On 8/15/2012 1:38 AM, Steven R. Loomis wrote:
On Tue, Aug 14, 2012 at 2:03 AM, Masayoshi Okutsu <masayoshi.oku...@oracle.com <mailto:masayoshi.oku...@oracle.com>> wrote:

    Hi Steven,

    Thanks for your comments. Finally we are getting comments on the
    i18n part. :-)


You're welcome!

    On 8/14/2012 1:58 PM, Steven R. Loomis wrote:

        Hello,
          Some questions,

          - Is there a reason that a new parser was written, rather
        than leverage
        the existing CLDR tools (which are themselves written in
        Java)?  (I've
        already suggested discussion with the CLDR-TC.. I know I've
        been personally
        more than a bit sparse, but, you know where we 'live')

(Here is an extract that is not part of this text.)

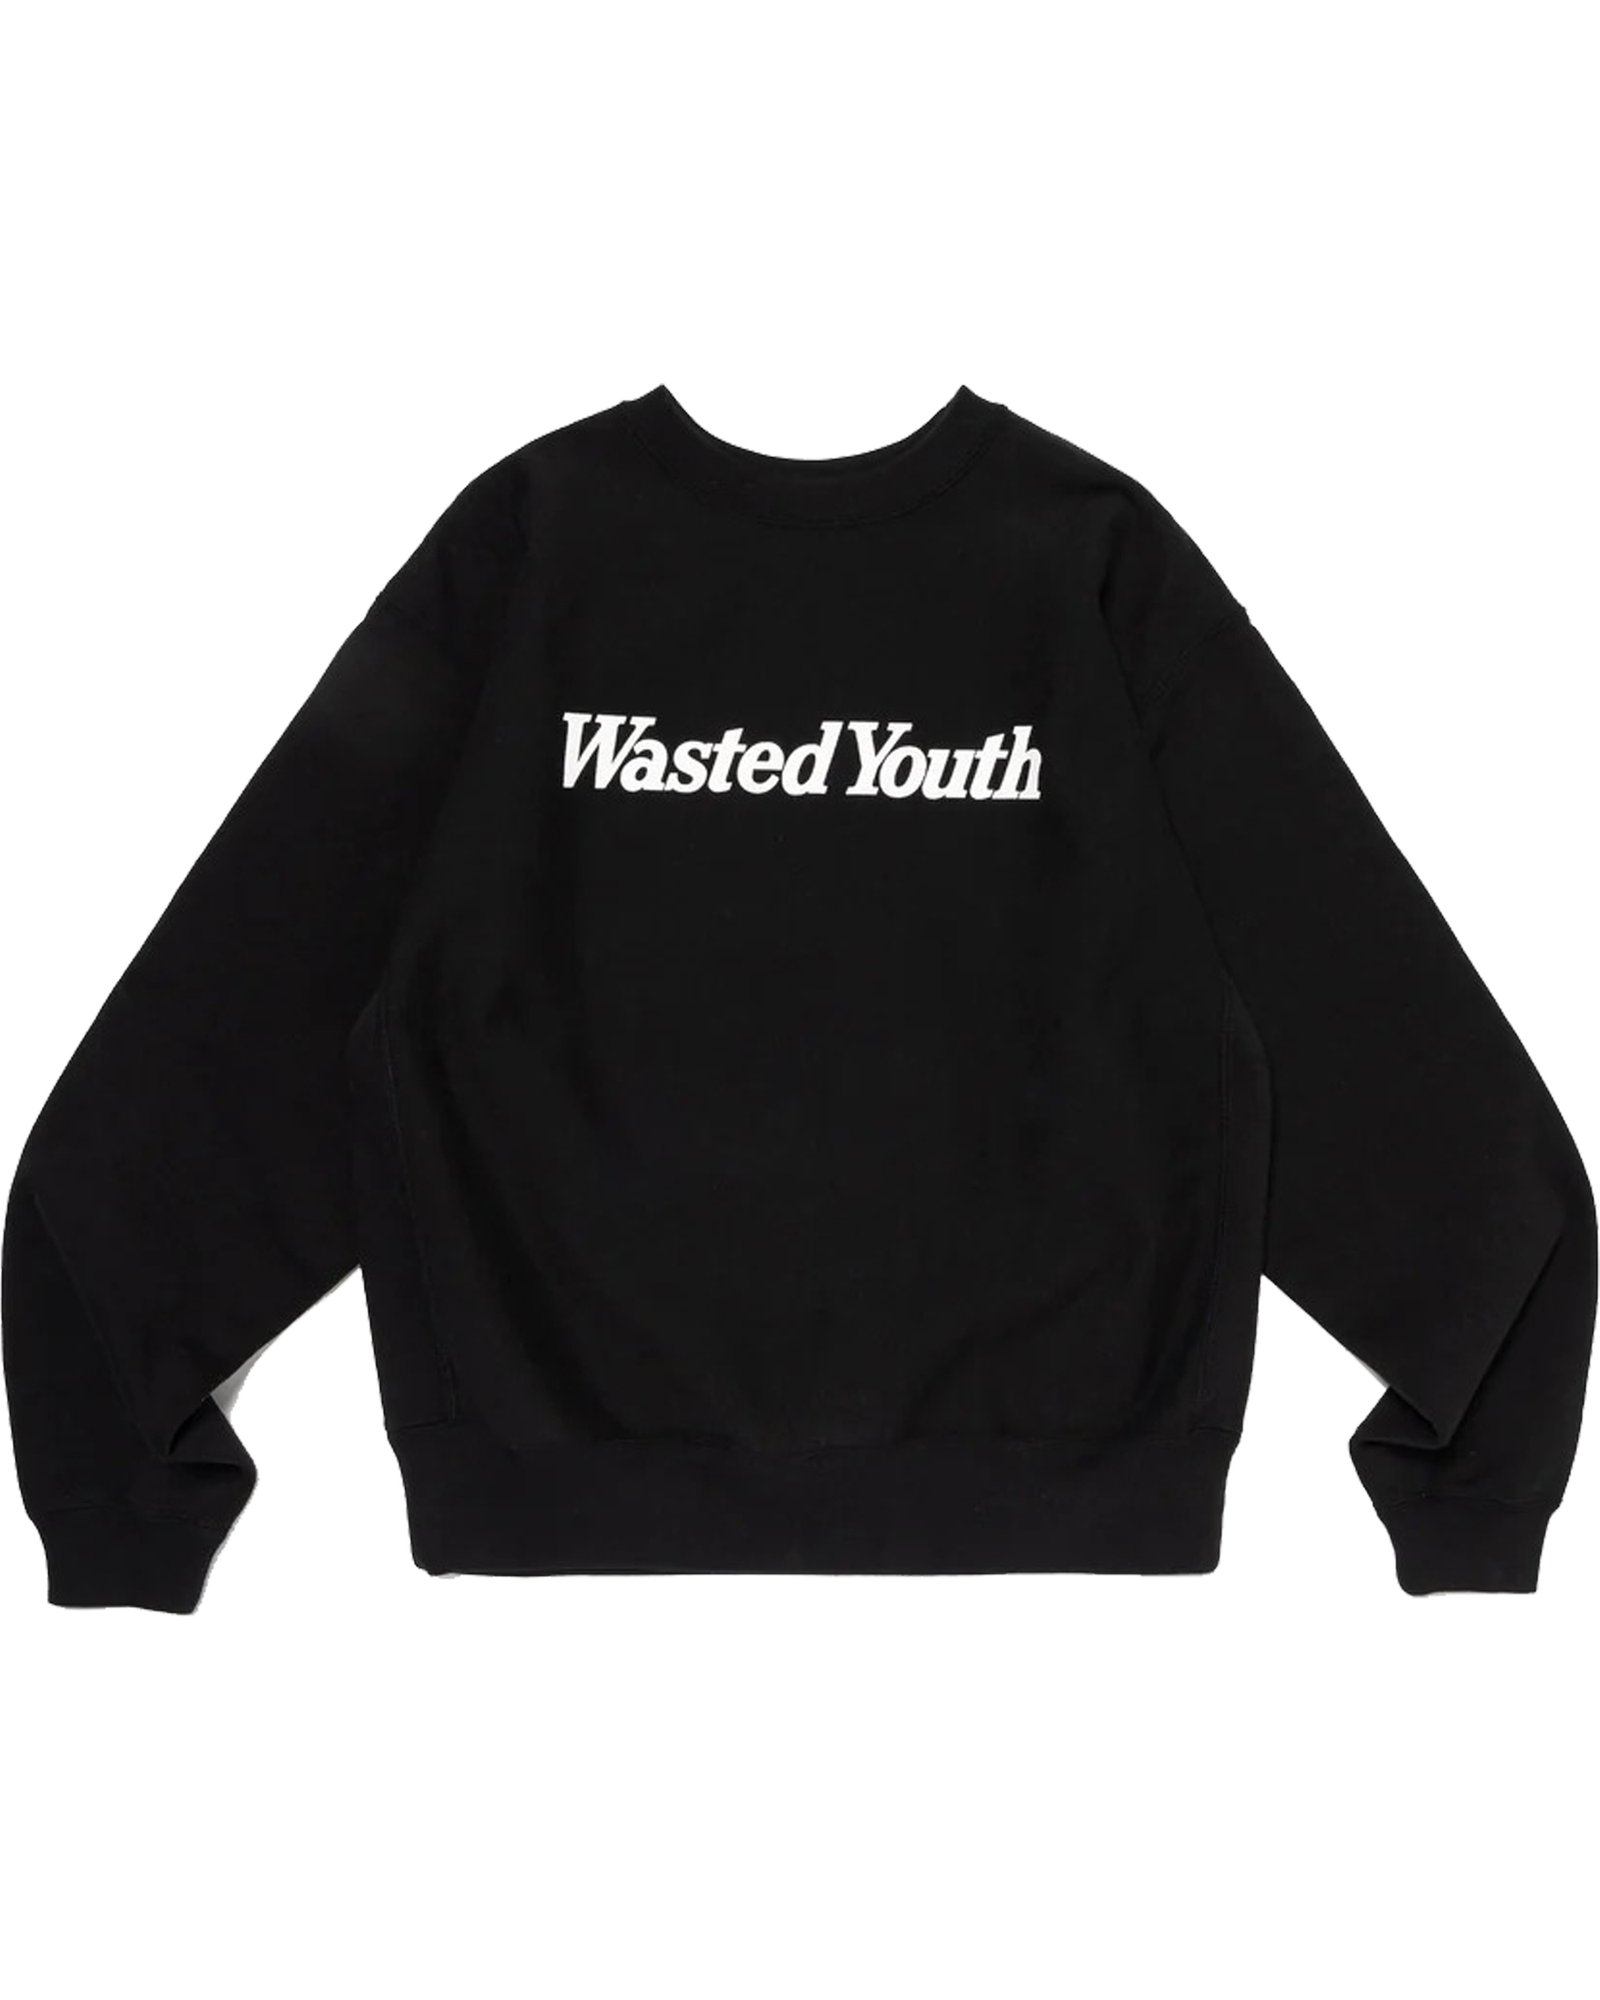 Wasted Youth Hoodie #1

    The parser isn't new actually. It's been used to maintain JRE
    locale data for years. I've been just extending the existing parser.


The question could still apply years ago. Was it considered to use org.unicode.cldr.util classes?

I don't know. I wasn't involved in the parser development. It was originally written by Norbert and has been maintained by several people, including some localization team members. This is the first time I touched the parser.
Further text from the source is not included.